The nitroxyl moiety acts as a quencher of Trp fluorescence; thus, when the fluorophore is located at the same depth of the quencher group, its fluorescence will decrease. This is a short-range effect, so the quenching efficiency will rapidly decrease with the distance. From these experiments a quenching profile as a function of the distance from the bilayer center was obtained [99].

The quenching profile (Fig. 4.54) showed that Pep-1-K is located next to the membrane surface, right beneath the polar headgroups. The profile was rather well-defined, indicating that all the 5 Trp residues present in the peptide sequence are located at the same depth in the bilayer: the peptide lies parallel to the membrane surface, and its orientation does not change with peptide concentration (within the range investigated). This position and orientation suggest a mechanism of membrane perturbation that could be described according to the “carpet” model [119].

Fig. 4.54
figure 54

Depth-dependent quenching experiment to determine the position of Pep-1-K in the membrane. [Peptide] = 1 μM (full symbols) or 10 μM (empty symbols), [lipid] = 200 μM. F and F0 are the fluorescence intensities measured for the peptide associated to doxyl-labeled and unlabeled membranes, respectively. (λ exc. = 280 nm (λ em. = 320–420 nm. ePC/ePG (2:1 mol/mol) vesicles, doxyl labeled lipid content 7 % [14]

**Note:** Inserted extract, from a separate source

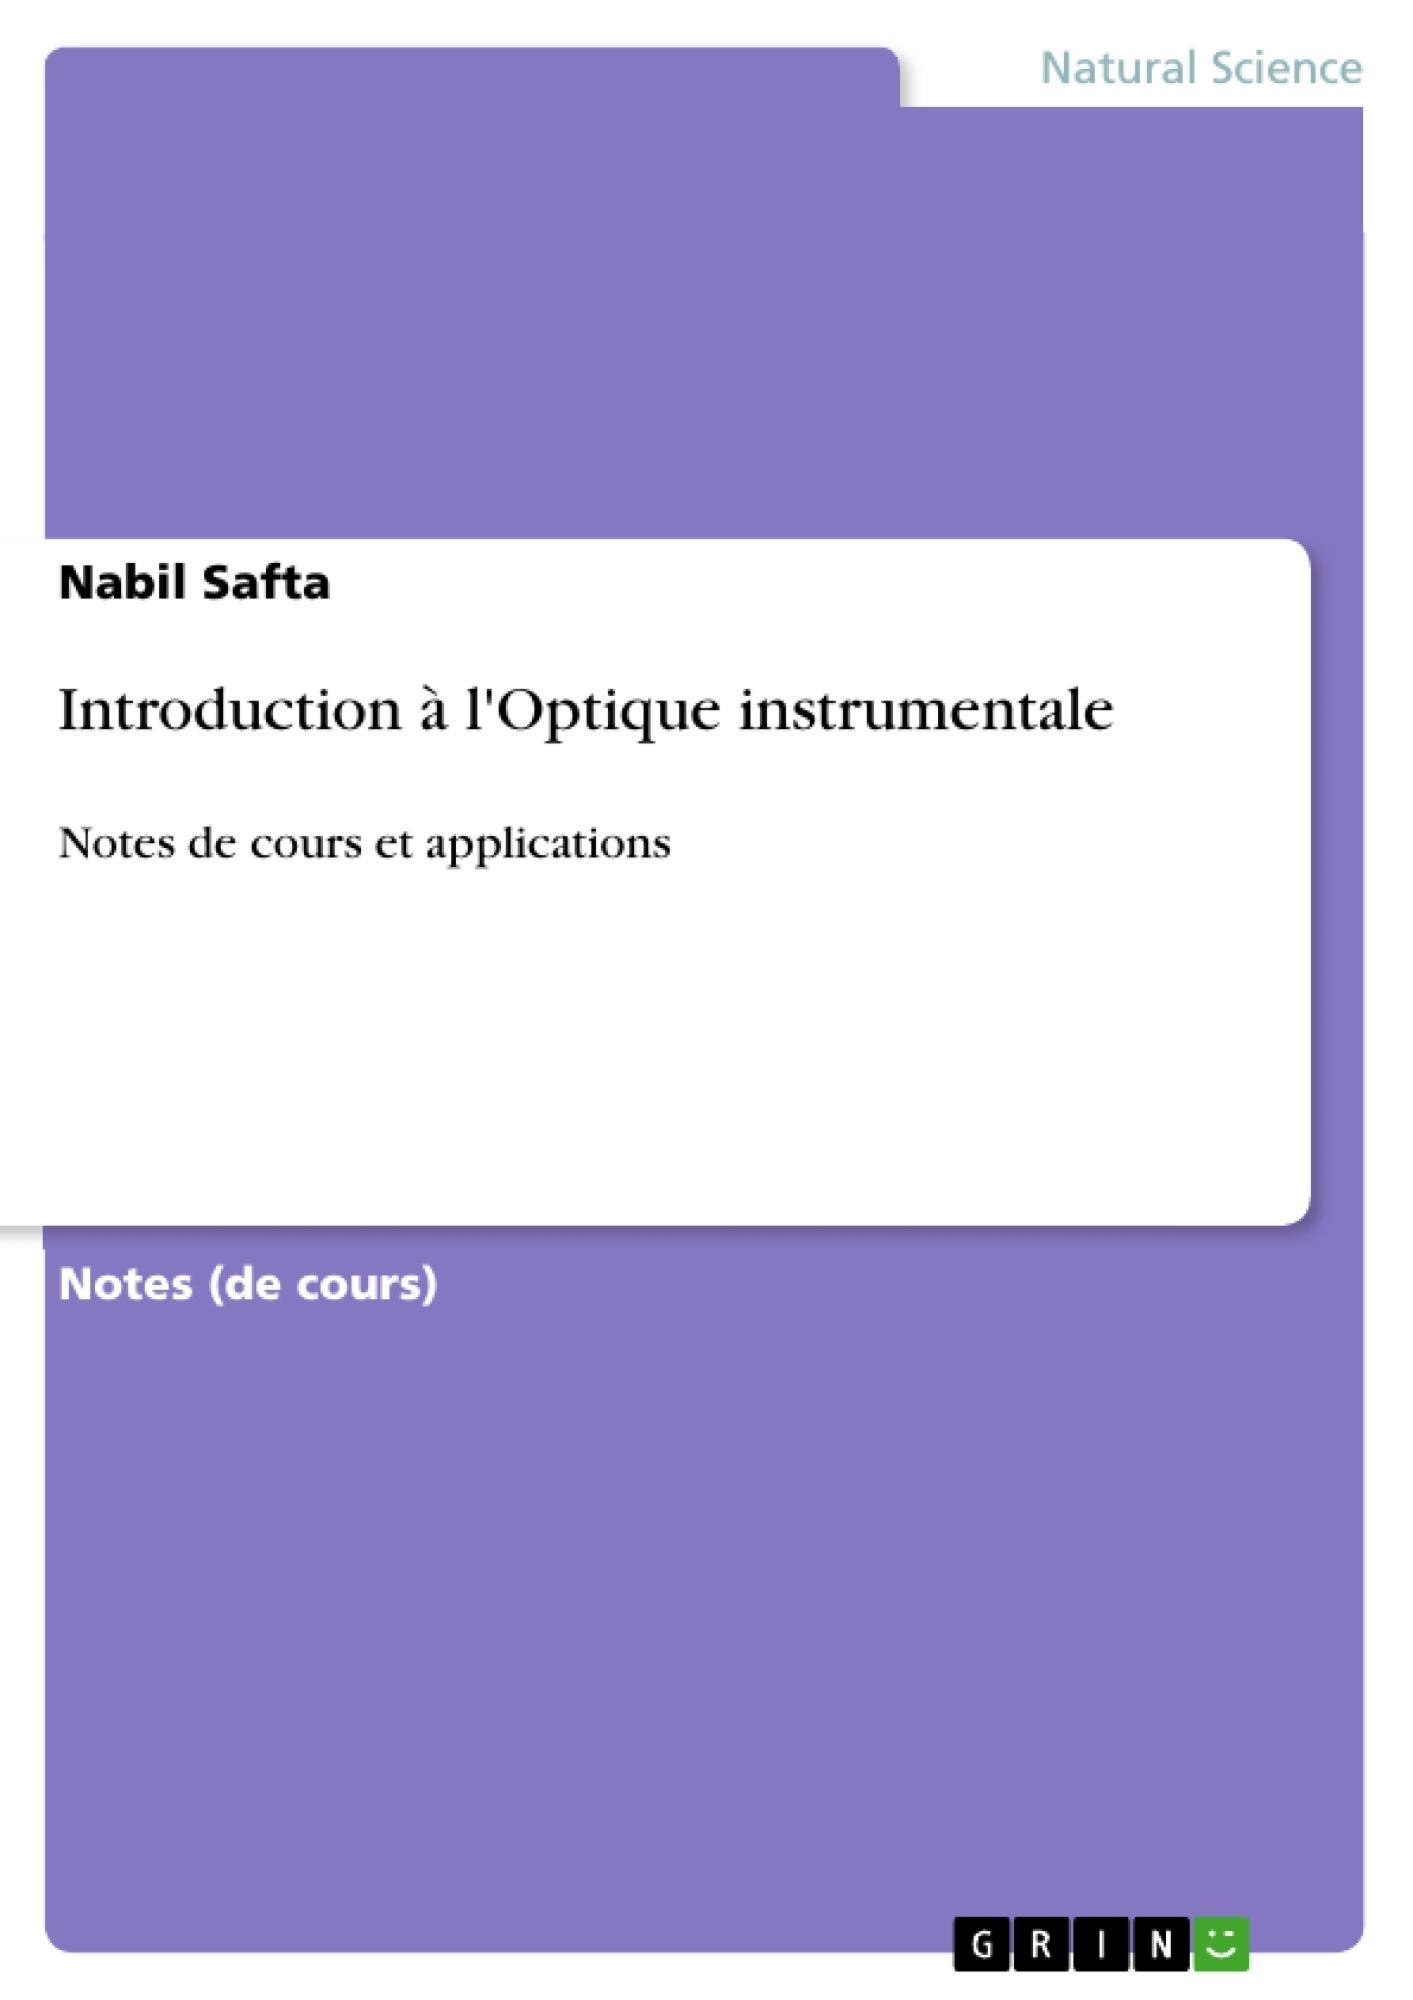 Titre: Introduction à l'Optique instrumentale

3.5 Cell-Penetrating Properties

To determine whether the cell-penetrating properties are retained by Pep-1-K, FITC-labeled analogues of Pep-1 and Pep-1-K were synthesized. The two peptides were then incubated with both bacterial and eukaryotic cells, and cell cultures were thereafter visualized by confocal microscopy. The collected images (Figs. 4.55 and 4.56) showed that both peptides were internalized in the cells, indicating that the Glu to Lys substitutions in Pep-1-K do not abolish the cell-penetrating activity.

Fig. 4.55
figure 55

Confocal laser-scanning and differential interference contrast (DIC) microscopy images (left and right panels, respectively) of E. coli treated with FITC-labeled peptides. Cells were treated with 10 μg/ml of FITC-labeled Pep-1 (a, b and c, representative images of different samples) or FITC-labeled Pep-1-K (d, e and f, representative images of different samples) [Reproduced from [14] with permission]

Fig. 4.56
figure 56

Confocal laser-scanning and DIC microscopy images (left and right panels, respectively) of HeLa cells treated with FITC-labeled peptides. Cells were treated with FITC-labeled Pep-1 (a, b and c; 10, 5 and 2.5 μg/ml peptide concentration, respectively) and FITC-labeled Pep-1-K (d, e and f; 10, 5 and 2.5 μg/ml peptide concentration, respectively) [Reproduced from [14] with permission]

3.6 Discussion

The data reported here indicate that the main difference between Pep-1 and Pep-1-K is in their relative affinities towards bacterial membranes: Pep-1-K binds to anionic bilayers more strongly, due to its higher cationic charge, and this appears to be the main reason for its strong bactericidal activity. This conclusion is in agreement with the correlation recently shown between water-membrane partition constants and MIC values of AMPs [87]. In the “carpet” model of peptide-induced membrane perturbation, AMPs need to reach a threshold of membrane-bound peptide concentration before they can cause the formation of defects or pores resulting in membrane leakage [119]. Therefore, it is evident that the higher the peptide affinity towards bacterial membranes, the lower is the concentration needed to reach this threshold. The reported data are consistent with a “carpet” model of membrane perturbation by Pep-1-K: it binds to the membrane surface, and perturbs the order of the bilayer. This leads to the leakage of ions, but not of larger molecules, at least in the concentration range investigated.

Apparently the change in membrane affinity caused by the Glu to Lys substitutions in Pep-1-K, while increasing its membrane-perturbing activity, does not inhibit its cell-penetrating properties. This is not surprising, since also the high translocation efficiency of Pep-1 itself has been shown to be linked to its strong affinity towards cellular membranes [53].

In conclusion, the example of Pep-1 and Pep-1-K clearly illustrates that cell-penetrating and antimicrobial peptides are not two separate classes, since subtle modifications can determine which of the two activities predominates.